[[ PROVIDED DATA, beginning ]]

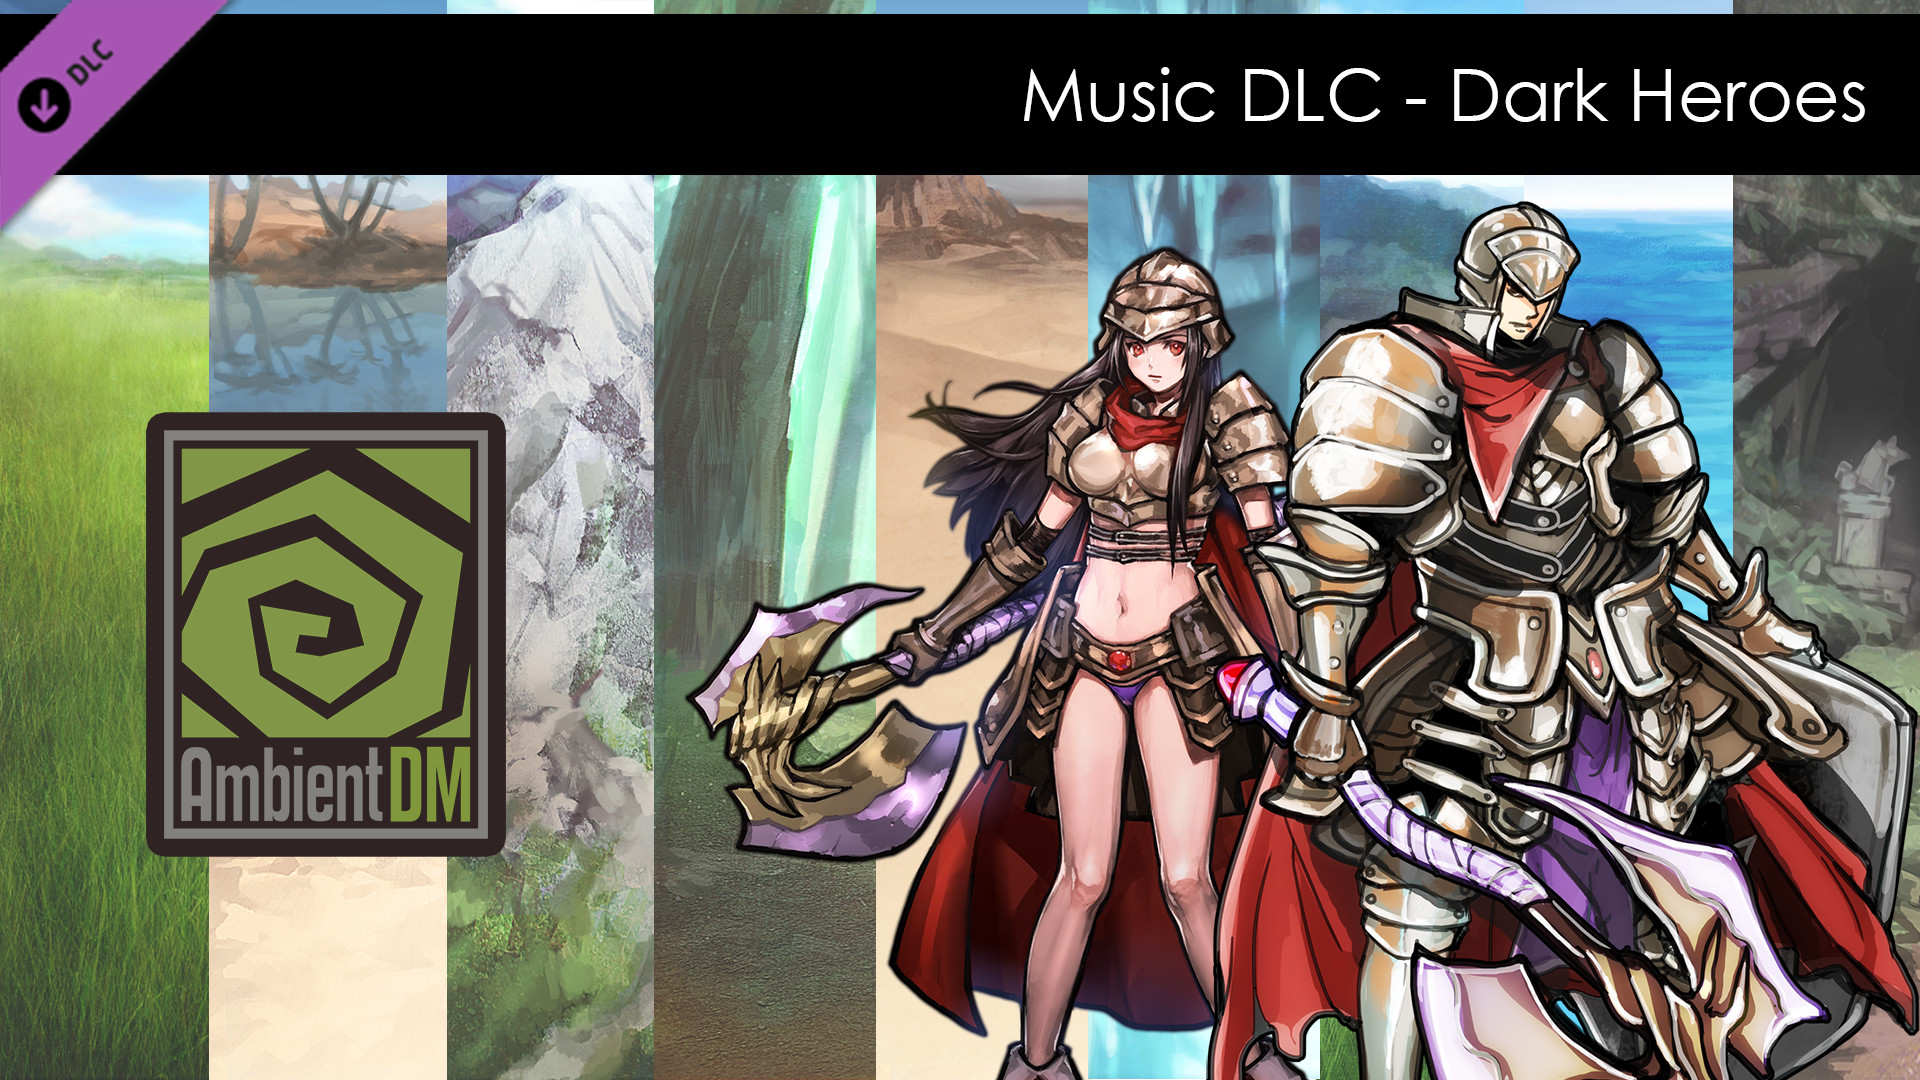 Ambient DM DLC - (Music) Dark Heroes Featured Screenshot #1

[[ PROVIDED DATA, end ]]
[[ PROVIDED DATA, beginning ]]

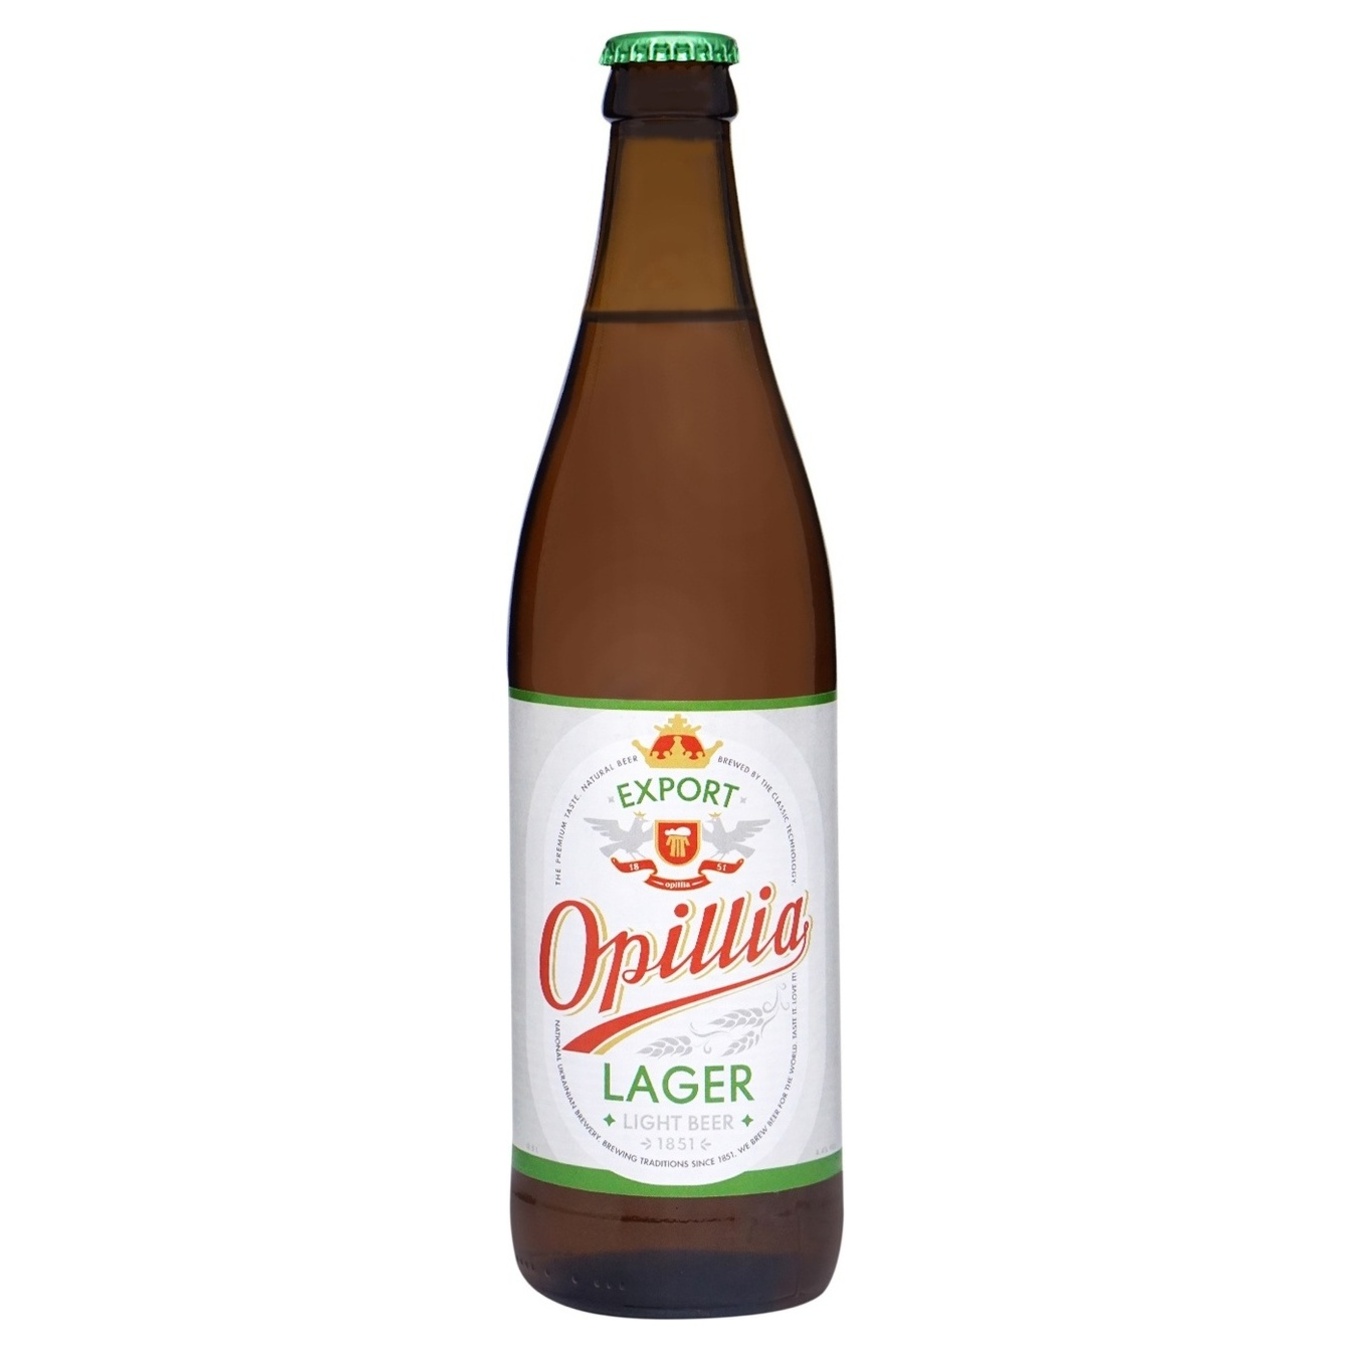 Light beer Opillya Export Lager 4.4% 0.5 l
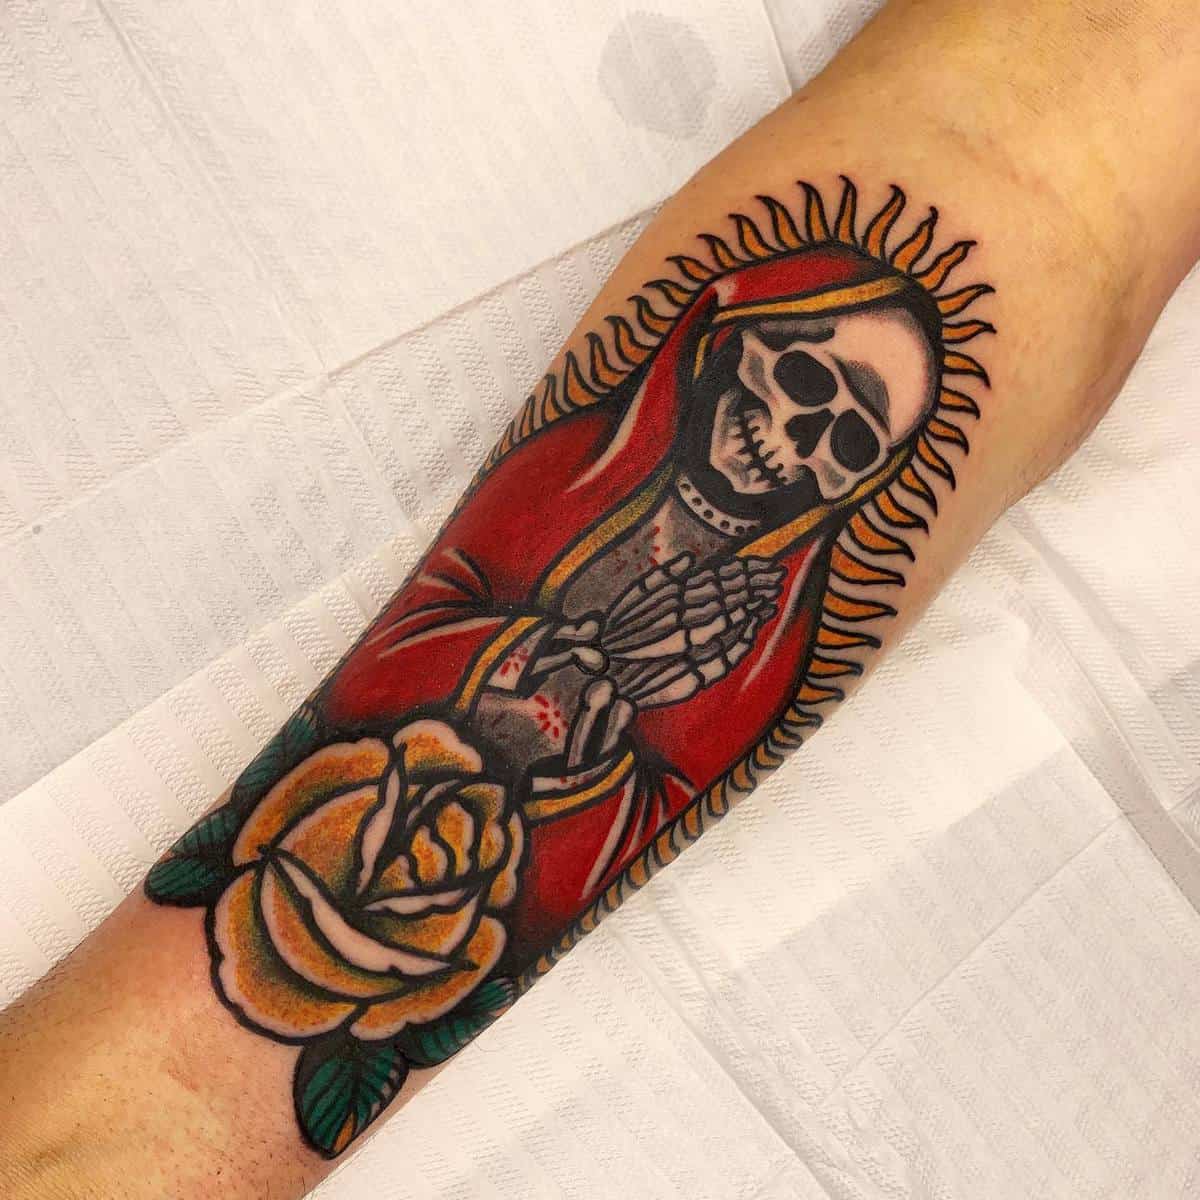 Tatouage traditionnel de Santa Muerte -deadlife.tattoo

[[ PROVIDED DATA, end ]]

▶ EXERCISE DETAILS:
With the pictures removed, print only the lines starting at the line that has "Light beer Opillya Export Lager 4.4% 0.5 l" and ending at the line that has "Tatouage traditionnel de", both ends included, exactly as they stand above.

▶ PROBLEM SOLUTION:
 Light beer Opillya Export Lager 4.4% 0.5 l
 Tatouage traditionnel de Santa Muerte -deadlife.tattoo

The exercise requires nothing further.